WHAT YOU NEED TO DO:
The lines below must be transcribed exactly as given, with the images removed.

GIVEN INFORMATION:
[Start of section]

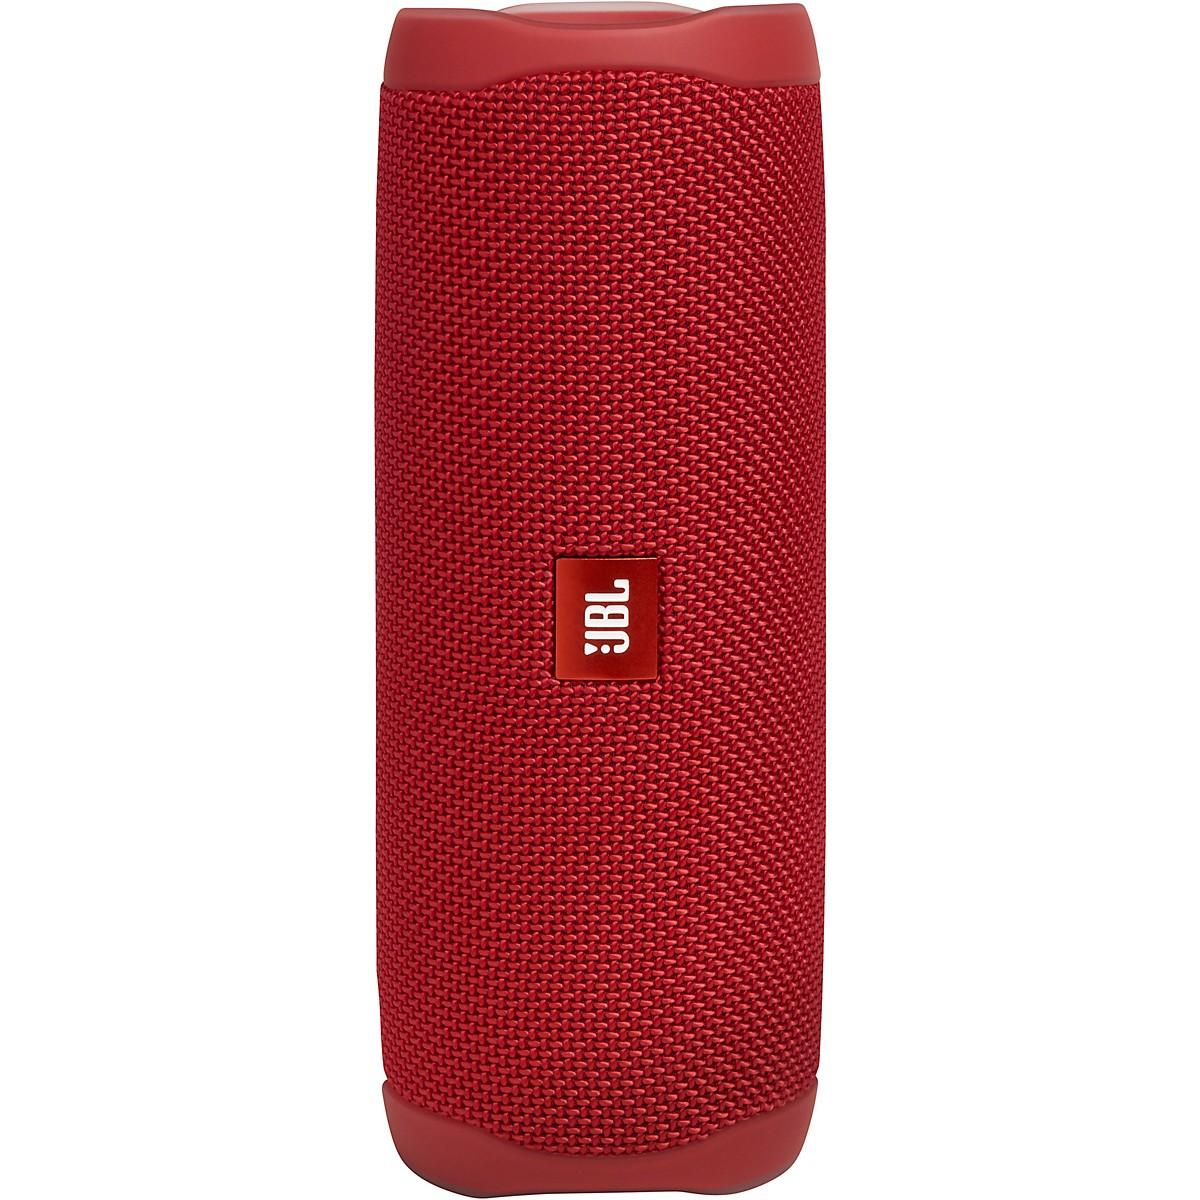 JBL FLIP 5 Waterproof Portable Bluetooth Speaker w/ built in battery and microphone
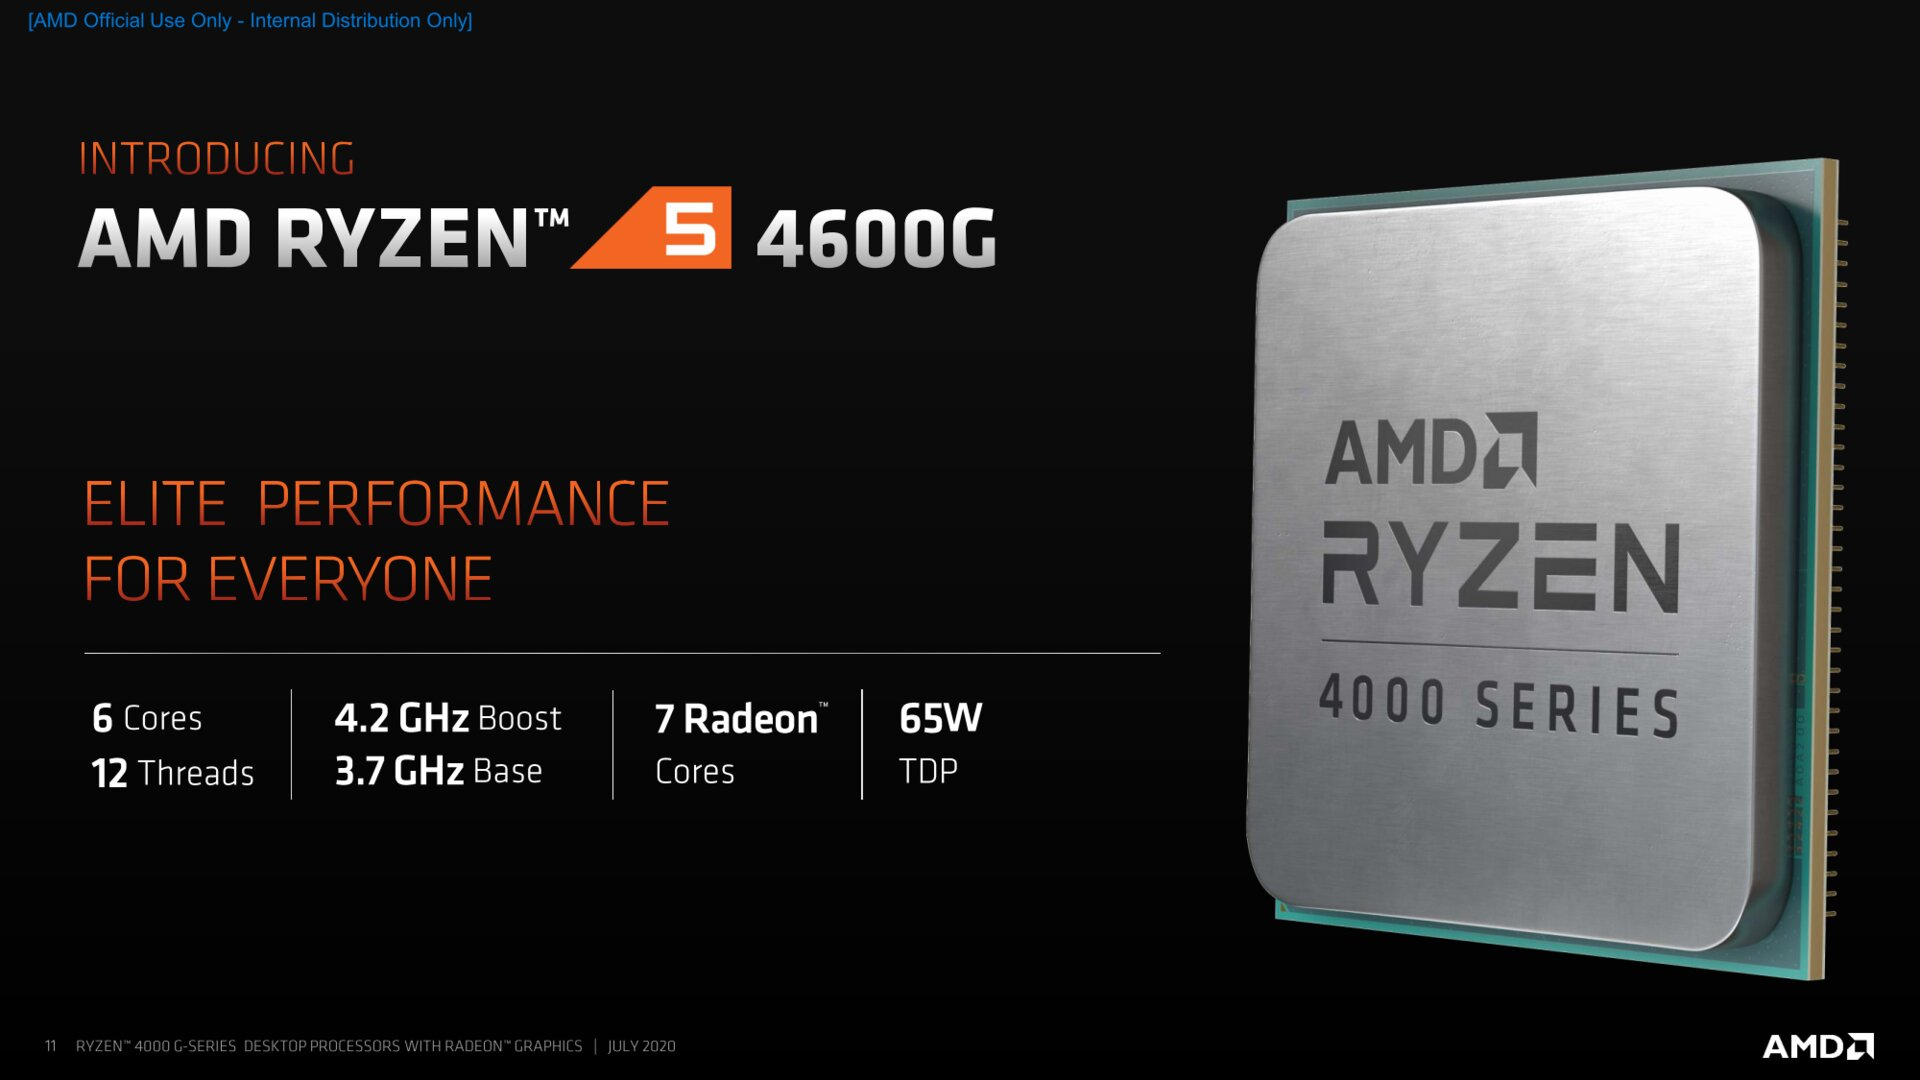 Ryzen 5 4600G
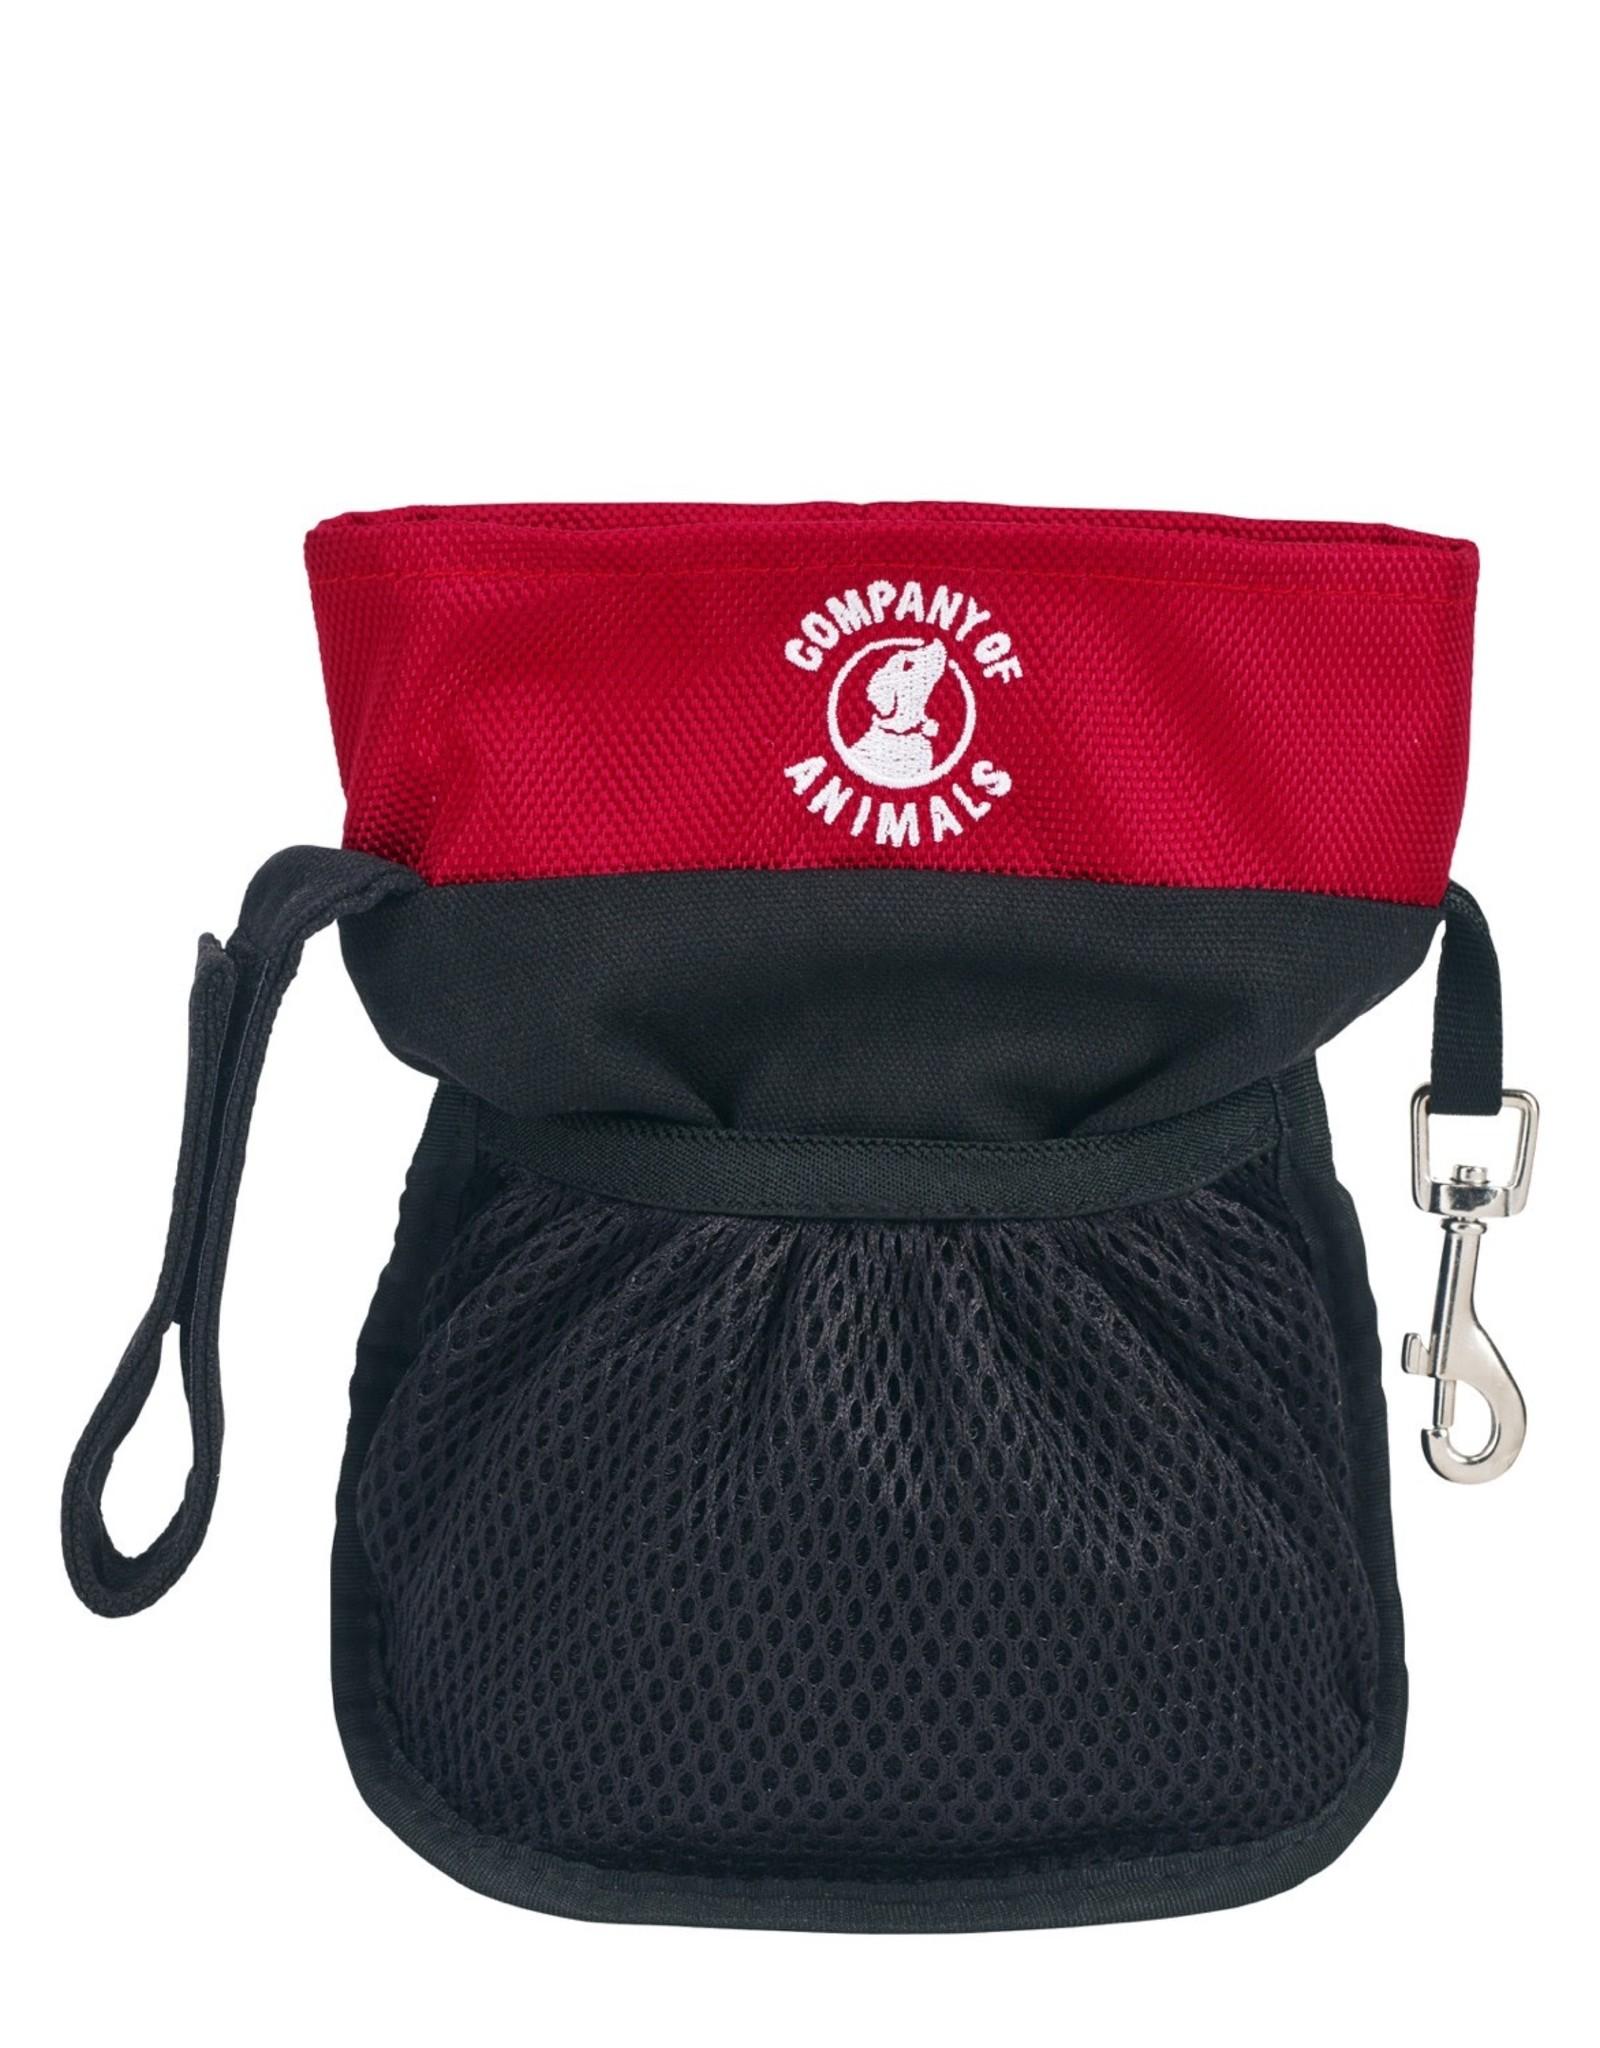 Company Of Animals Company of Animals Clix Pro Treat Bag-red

[End of section]

WRITTEN SOLUTION:
 JBL FLIP 5 Waterproof Portable Bluetooth Speaker w/ built in battery and microphone
 Ryzen 5 4600G
 Company Of Animals Company of Animals Clix Pro Treat Bag-red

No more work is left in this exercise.